You will quickly notice what many refer to as the "GNU bloat" - lots of feature flag SPAM - references to environment variables that will bite you.
- Rust MIT has performance from avoiding branch mispredictions and better cache efficency that BSD and GNU can learn from.
- Rust MIT has some parser safety innovations that are game changing on eliminating whole classes of bugs.
- Rust MIT has memory issues on several utilities.
- Rust MIT has huge binaries due to static linking the standard library.

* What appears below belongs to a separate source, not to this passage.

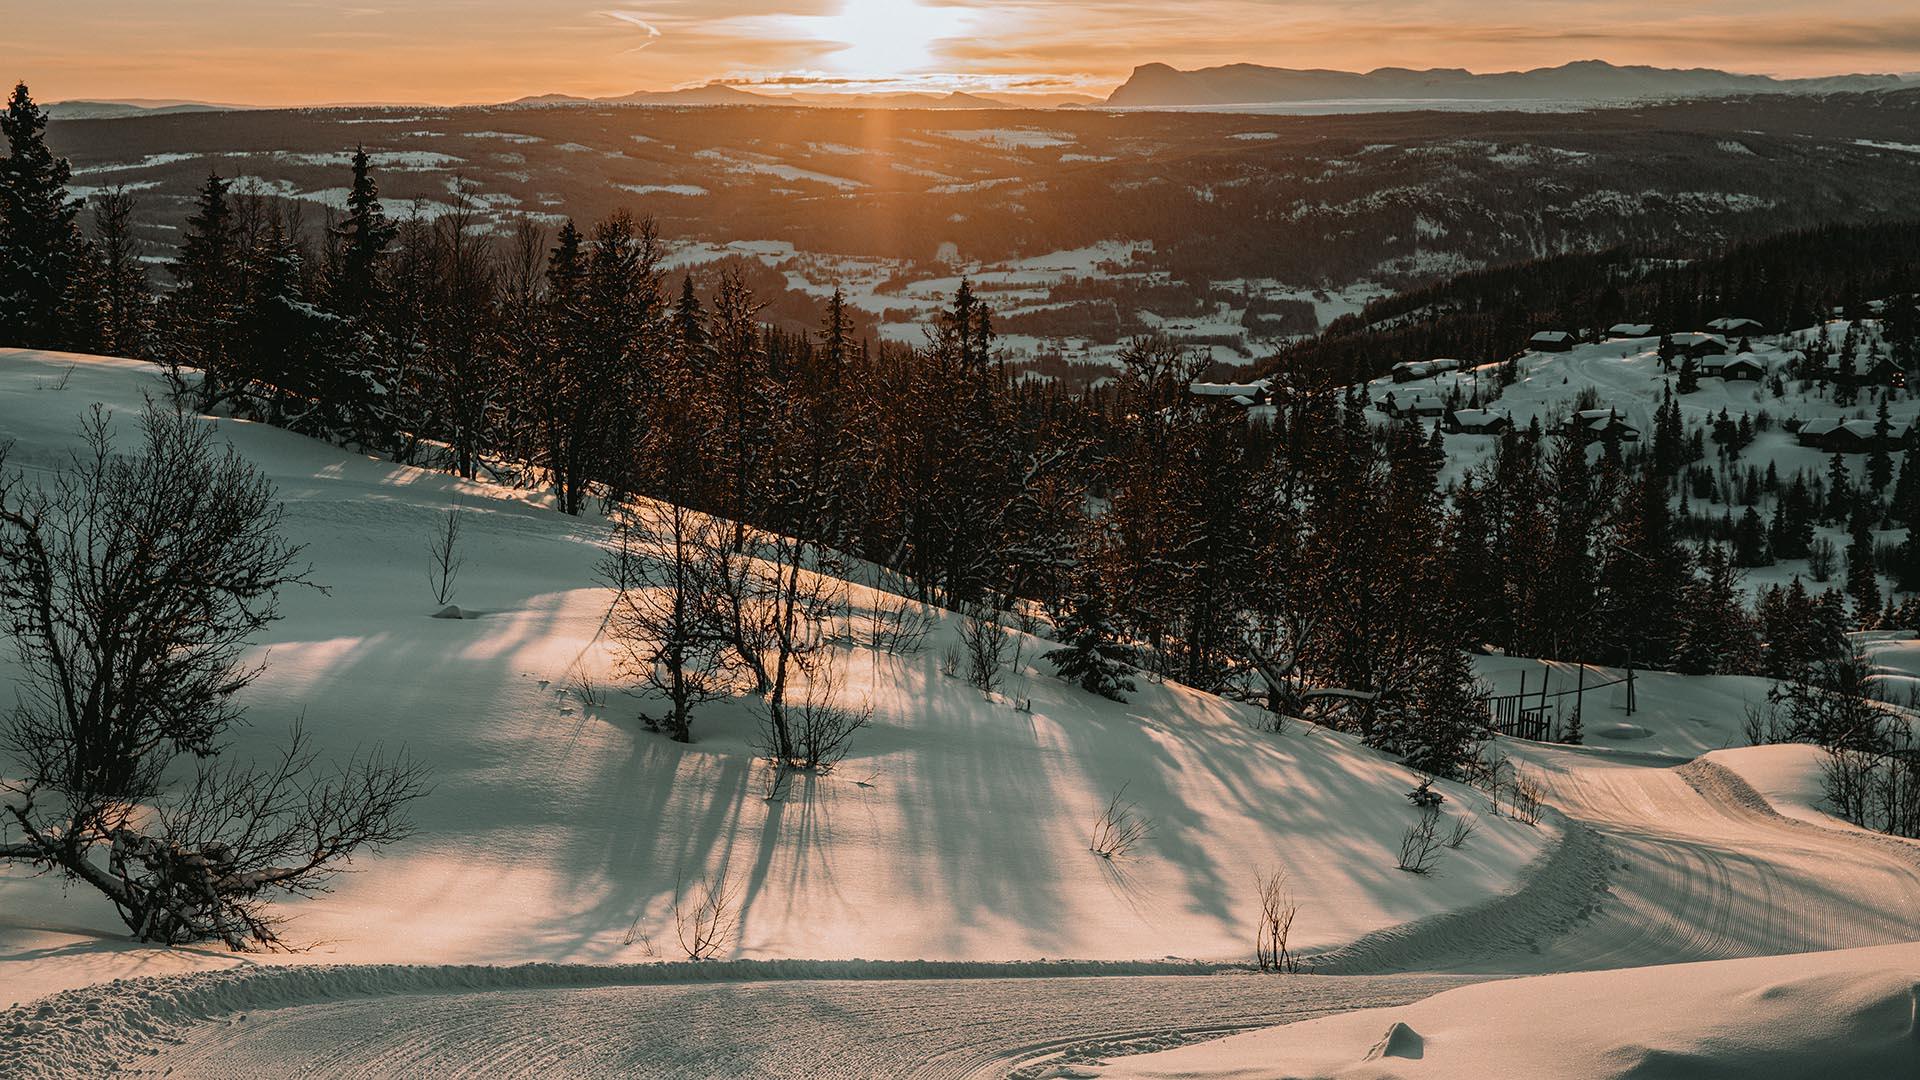 Aussicht über ein Tal gegen die Sonne, die am fernen Horizont hinter Bergen untergeht. Das Abendlicht färbt den Schnee auf dem Boden gelblich.

- Rust MIT hasn't yet exploited many operating system call hints/advice yet.
- Rust MIT has a very immature test infrastucture.
- If you want to learn Rust help with coreutils - you will instantly know system calls better than 90% of the "professional" Rust developers out there.
- GNU has filesystem paranoia. What is snake oil and what should be adopted by all?
- Much better benchmarks and sharing of test suites.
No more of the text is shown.